# Solvent ink Versus Pigment ink



## happyasgilmour (Feb 17, 2007)

I spoke to some that has been printing his own transfers for a while and he said he uses Solvent ink. 
Is that different to pigment ink? 
If it is how do the two compare in quality of print and life of the print? 
What kind of printers can use solvent ink? 
Is he using a large industrial type of printer or is it possible to use an Epson with solvent inks?

cheers, 
Randy


----------



## vctradingcubao (Nov 15, 2006)

I've never heard of small desktop printers using solvent ink. Usually, they are used by wide format printers, and is more durable than pigment ink since its intended for outdoor use. Variations of the solvent inks are, light solvent, mild solvent and/or eco-solvent inks. The Roland Versacamm Printer/Cutter usually comes to mind when one thinks of a machine for garment applications. The smallest, I think, is a 30 inch width, the other version is a 54incher. Special transfer papers are also used and usually comes in rolls. Josh company, Imprintables.com sells them, and also accepts print/cut jobs. Other wide format solvent printers can be used, with a second step contour cutting done on a vinyl cutter/plotter machine, like the Roland GX-24, and the CraftRobo from Graphtec.

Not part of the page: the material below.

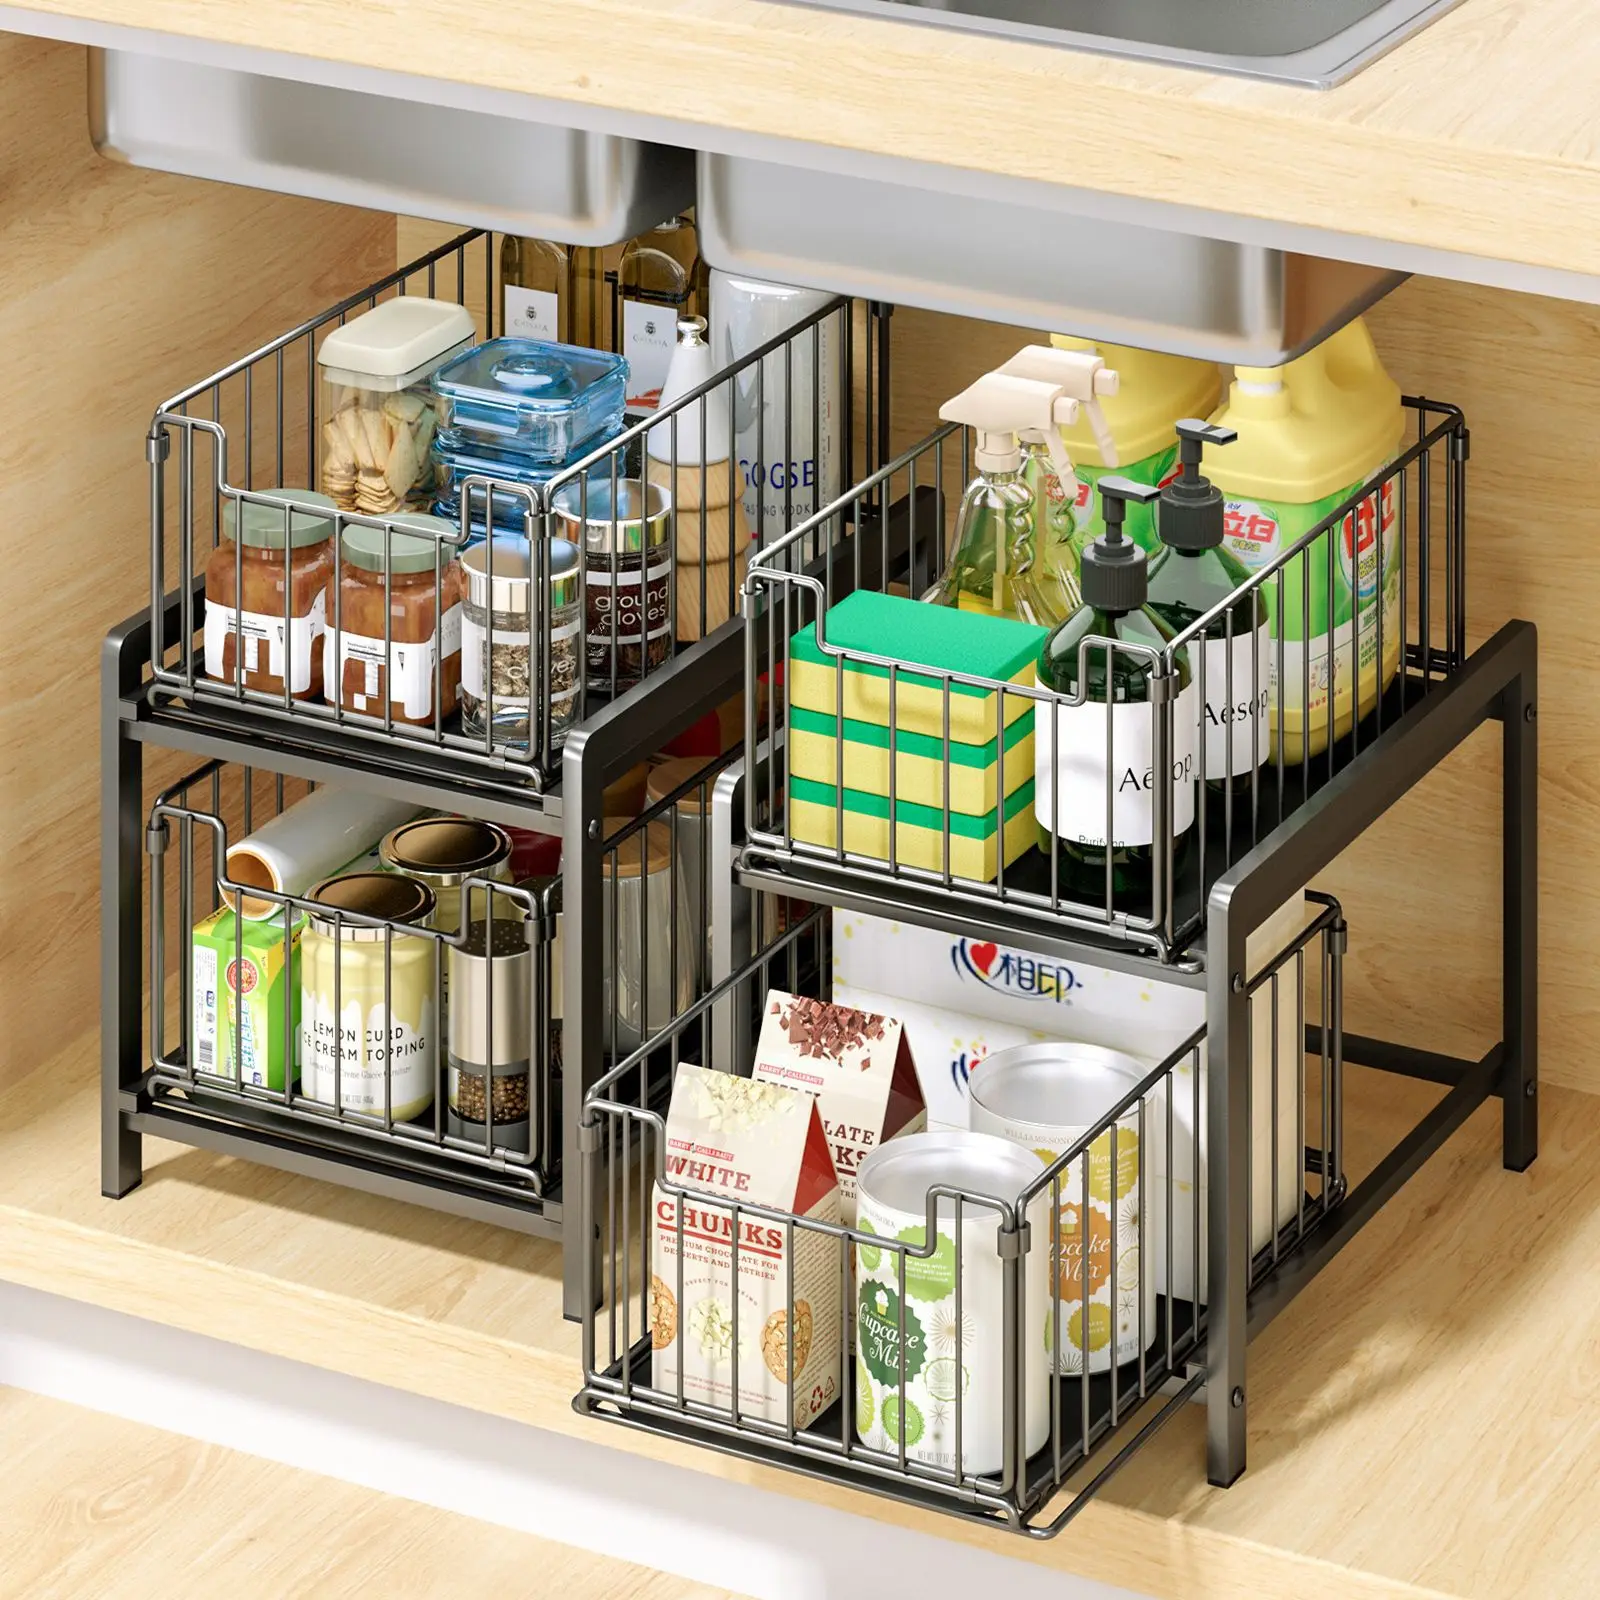 Multi-purpose 2 Tier Sliding Cabinet Basket Under Sink Organizer Storage  Rack With Drawers For Home Bathroom Kitchen Accessori - AliExpress

You can also cut the print out using a pair of scissors.


----------



## vctradingcubao (Nov 15, 2006)

I don't think you can use solvent inks with an epson, as the print heads are different. The print heads for solvent printers are usually supplied by Xaar and Spectra, except maybe for Roland. Solvent inks dries easily so clogged printer heads are the usual problem. Changing printer heads as often as every 3 to 6 months is not uncommon. I see great possibilities with using solvent ink for shirts. I've heard that they can be used for darks, and you can get some metallic-like print outputs. Check out this PDF from one of the transfer material vendors:

http://www.forever-ots.com/download.php?PHPSESSID=12baa728a94db593820bf3a419af1918&d[nr]=5


----------



## frankdoyal05 (Jan 12, 2009)

I use eco solvent ink in my Roland converted from water base to solvent ink. I does uses Epson print heads, but for most Epson desktop printers the ink lines might not be able to handle the solvent ink.. but the print head most likely would. One of the problem finding a vinyl that will have a soft touch after printing and pressing it to a T shirt.


----------